Books and Quilts

I made a quilt for a The Land of Stories: The Wishing Spell book party. It’s based on an illustrated map on the book’s inside cover.

A little about how I made the quilt:

  • I made the pattern from a photograph of the map that appears in the book. I went into Photoshop to bleach out some of the color, enlarge it, and turn it into a PDF. I printed the PDF out in tiles, which I taped together to make one large pattern. Then I cut the kingdoms out along their respective borders.
  • Once the kingdoms were traced out onto applique paper, I cut out the mountains and traced those out on applique paper, as well.
  • I ironed those pieces onto the back of my selected fabrics. Then I cut the fabrics a quarter to a half inch outside the applique paper borders. That allowed me to fold over the edges of the appliques so they wouldn’t unravel. (It was sort of a cross of the fusible and freeze-paper methods described here.) You’re not supposed to have to fold over the edges with fusibles, but after making many appliqued baby quilts with the traditional fusible technique, and having seen the tattery edges the appliques get after many machine washes, I fold edges over.
  • On some of the more complicated  or curvy shapes (beanstalk, tree top, one of the mountain ranges), I appliqued using the dryer sheet technique, modified for machine sewing rather than hand sewing.
  • All the ingredients (fabric, thread and batting) were from my stash.
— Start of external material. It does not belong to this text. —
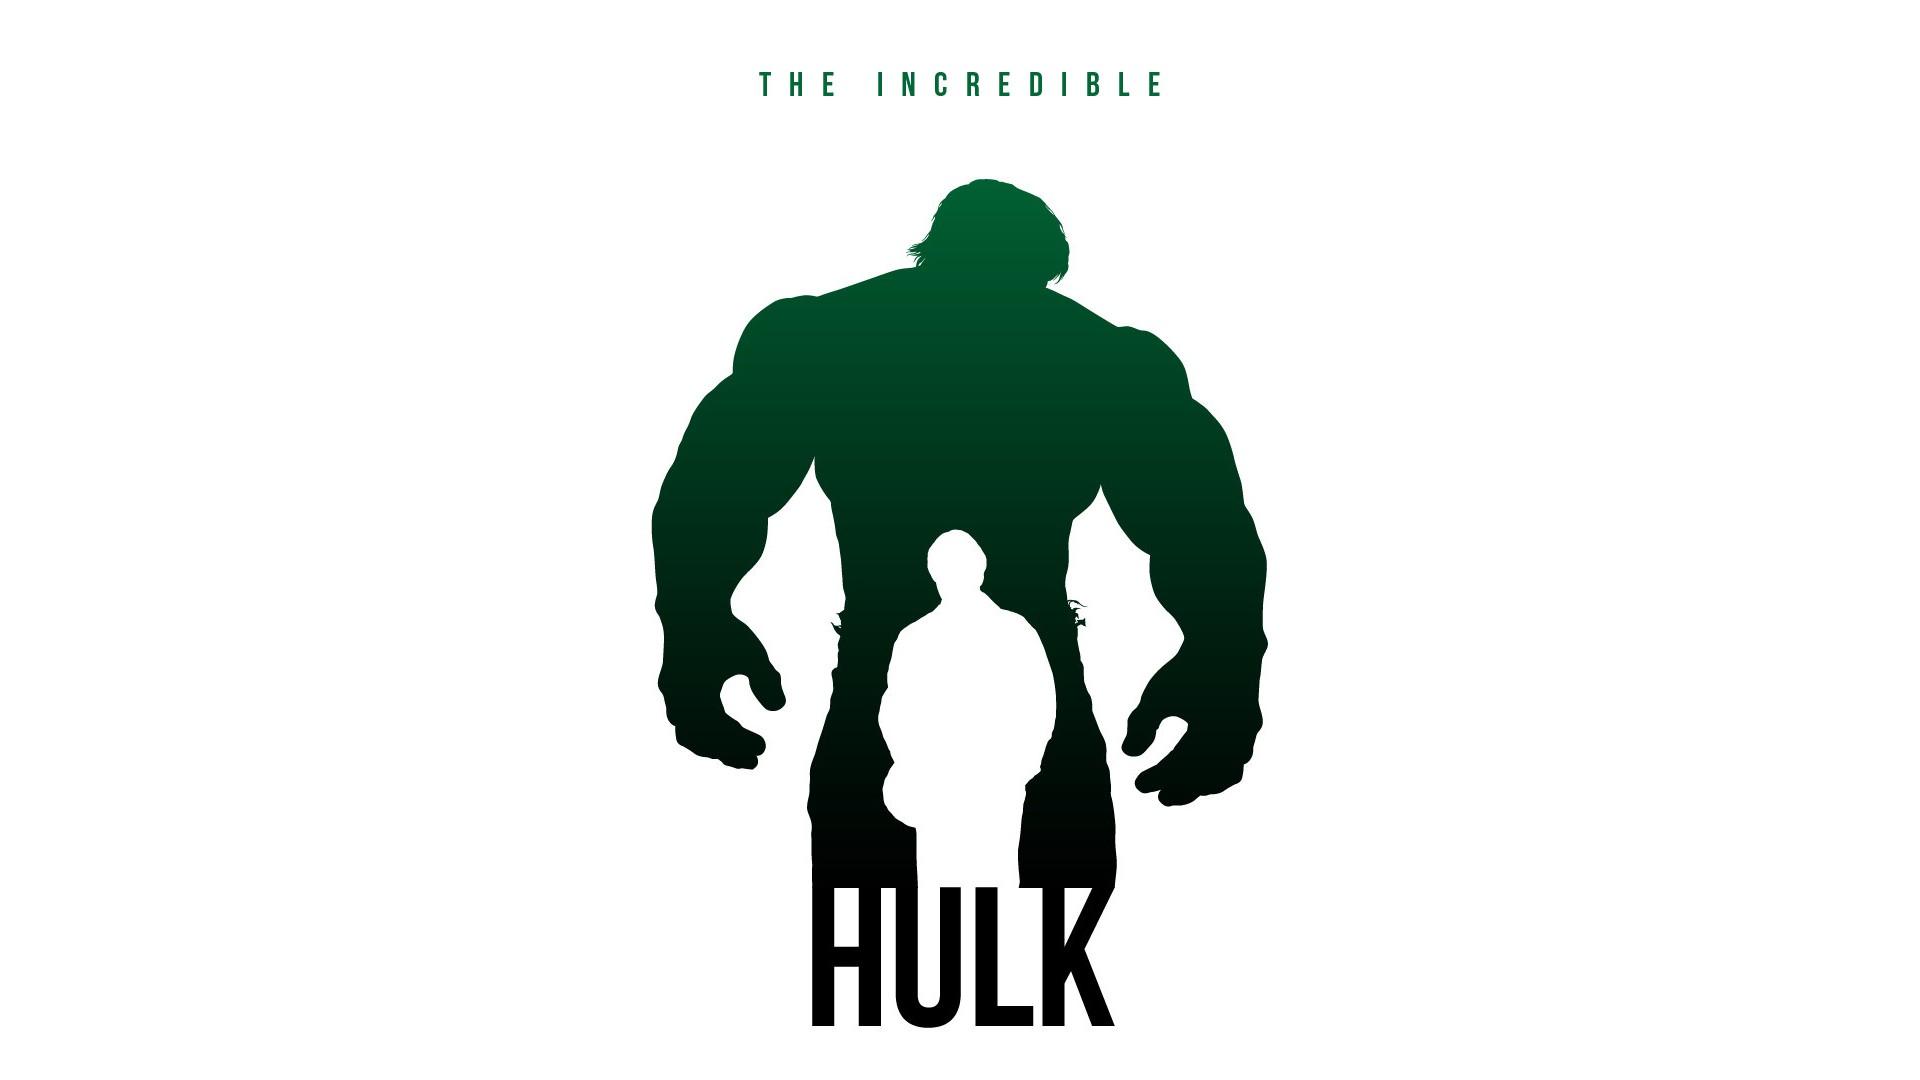 Hulk-comic-character-minimalistic-silhouette-Marvel-Comics-The-Avengers-posters-fan-art-white-back-wallpaper-wpc5806137

A lot of the stuff in this quilt is from fabric sample books, which you can get free at sewing and upholstery stores when they clean them out to make room for the new sample books that arrive each season.
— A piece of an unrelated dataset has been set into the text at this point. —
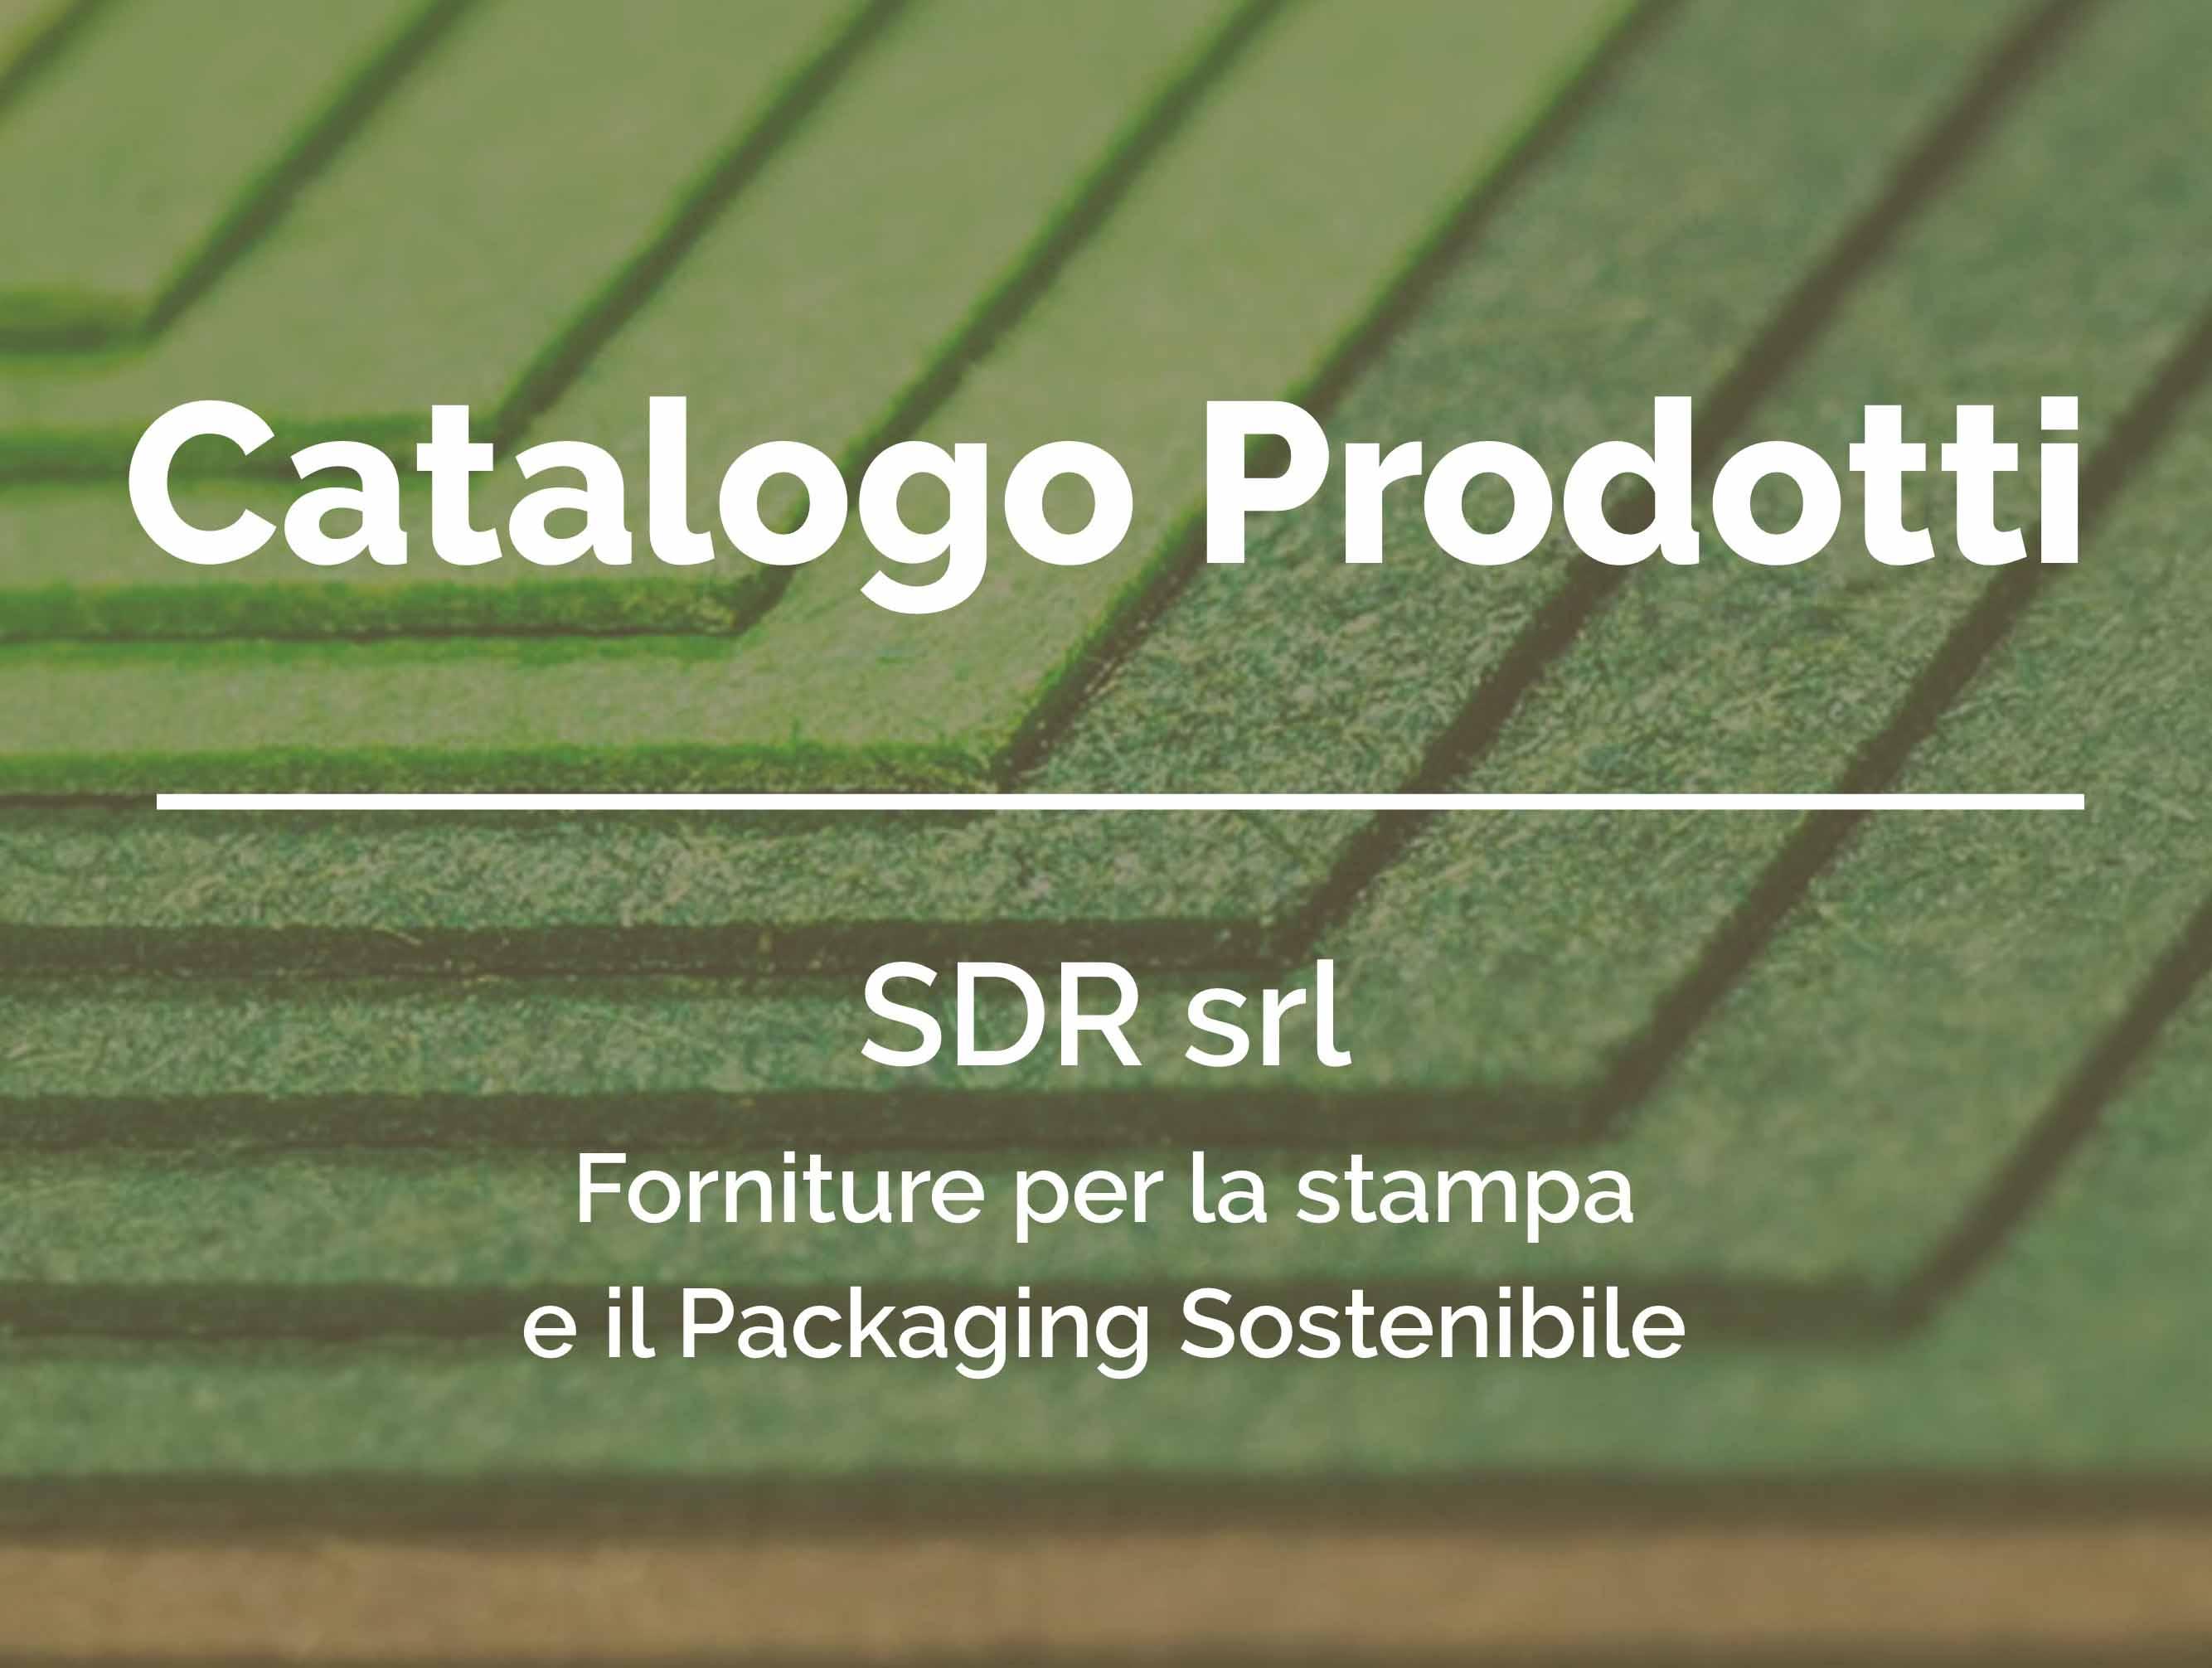 catalogo prodotti SDR srl

  • The Northern Kingdom is from a fat quarter I got at a fabric swap at a friend’s house a while back.
  • The Elf Kingdom and the beanstalk came from the same swap, from a calico fabric that was probably made around the 1970s. You can see the same fabric in the border of another quilt here.
  • I have no idea where the Sleeping and Hidden Kingdoms came from – I’ve had that scrap of fabric around for ages. The last time I used a part of it was in 2006 to make animal appliques for my nephew’s birth quilt. It’s a nice fleecy texture – very soft. If I had a bolt of it, I would probably want to make it into a camel costume for Halloween.
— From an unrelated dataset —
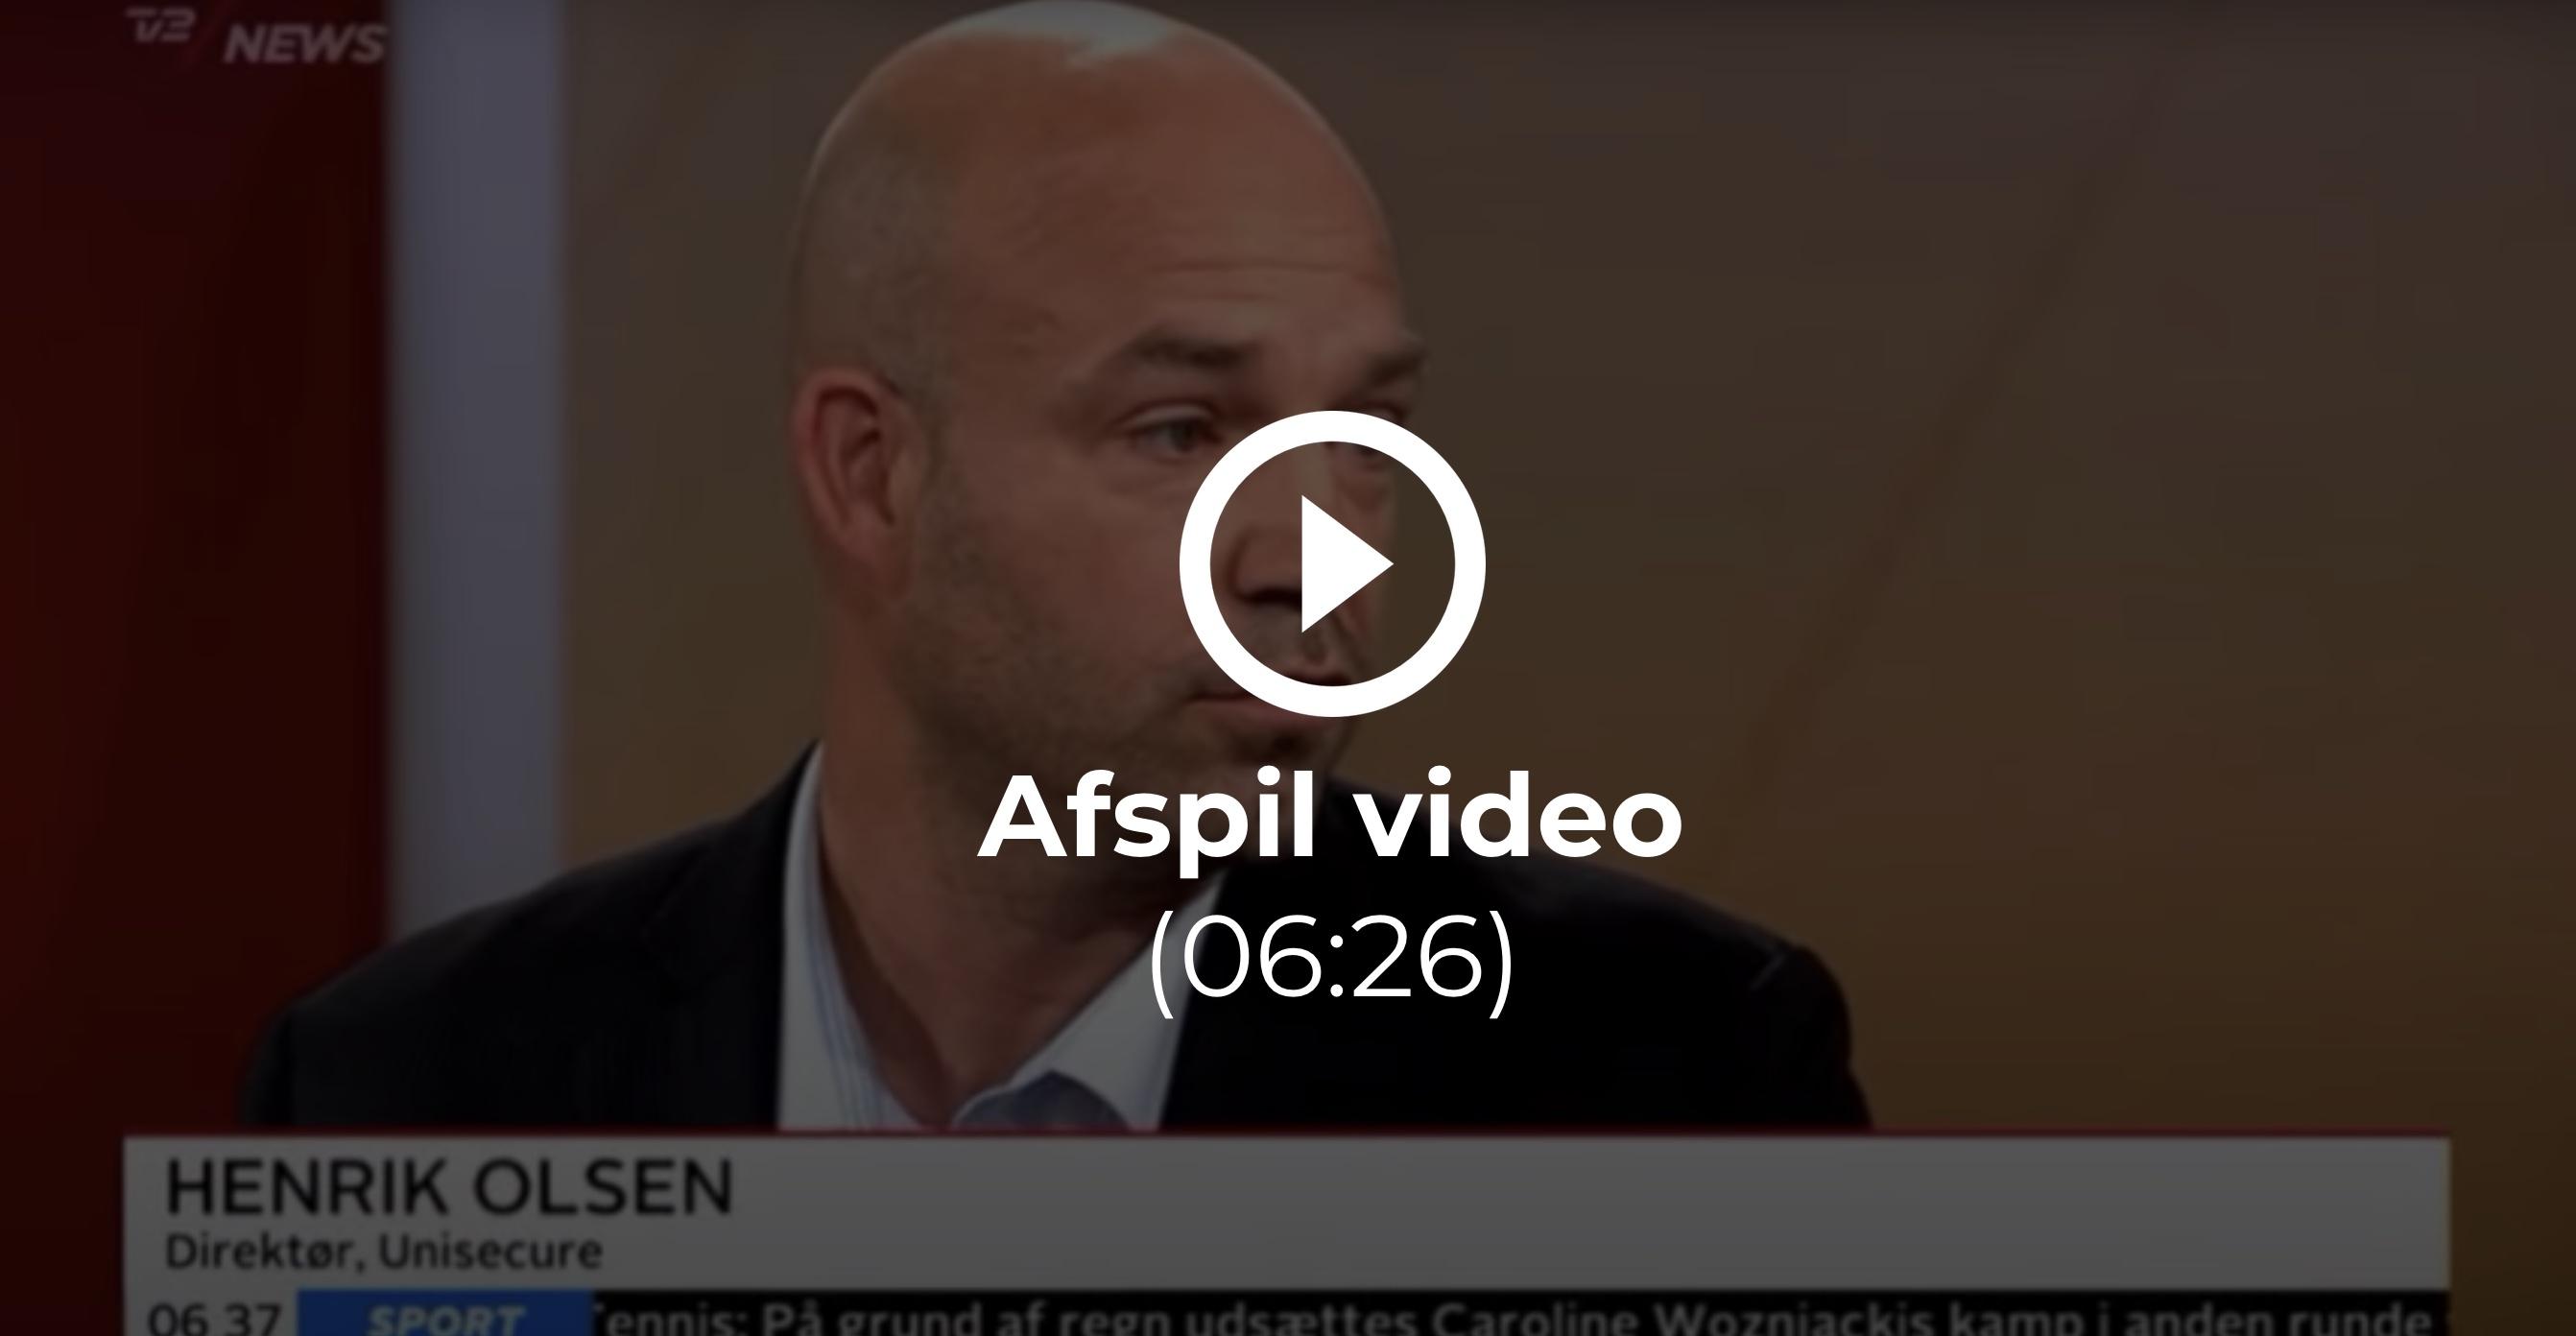 Video_dna_spray_tv2_news

  • The Red Riding Hood Kingdom is corduroy from the calf of what had been my favorite pair of pants circa 2005, until it got a big tear below the knee and I had to turn it into capris. Those pants were never the same. (Also, is that weird that I gave a stranger a quilt that includes a piece of my old clothing? I totally hadn’t thought of that. Oh, well, it’s clean.)
  • The ocean: Again, I don’t know where this came from. There was just enough of it to include it in the quilt. Like all the pieces of the map, it’s also an applique. All the pieces are sewn onto a light blue background, which you can’t see. I’d been planning to let that light blue serve as the ocean, but it was a little boring and when I realized there was just enough blue velvet to cover it, I could not resist.
  • The appliqued mountains and the Troll and Goblin Kingdom are also velvet, from tiny (approx. 4×7 inch) upholstery samples. That’s why none of them are quite the same color.
  • I did some machine embroidery on this one, which is always a challenge on a bottom-of-the-line machine that has no embroidery settings. But a close zigzag stitch can become many things if you give it a chance: pine trees, rivers, dirt paths, snow on a mountain top, leaves on a bean stalk, a tree trunk – even a troll bridge. Originally, in the Northern Kingdom, I’d planned to do appliqued mountains as I had in the rest of the quilt, but for some reason I changed my mind and embroidered them instead. In retrospect, I think an applique would have looked nicer, but it was an interesting exercise all the same.
  • The rivers were the funnest thing to applique, and I was glad to have a very shiny blue thread that complemented the velvet ocean and lakes nicely. That thread had been bought for a different project long ago – so long ago that, although I know I completed it (I can tell because plenty of thread had been used from the spool already), I have no idea what it was. If I hadn’t had that on hand, I would have used a cotton that was the same color, but not so iridescent.
  • The quilting on this was not elaborate. I did it by machine, outlining each kingdom, path and trail, and sketching details into the mountains and rocks.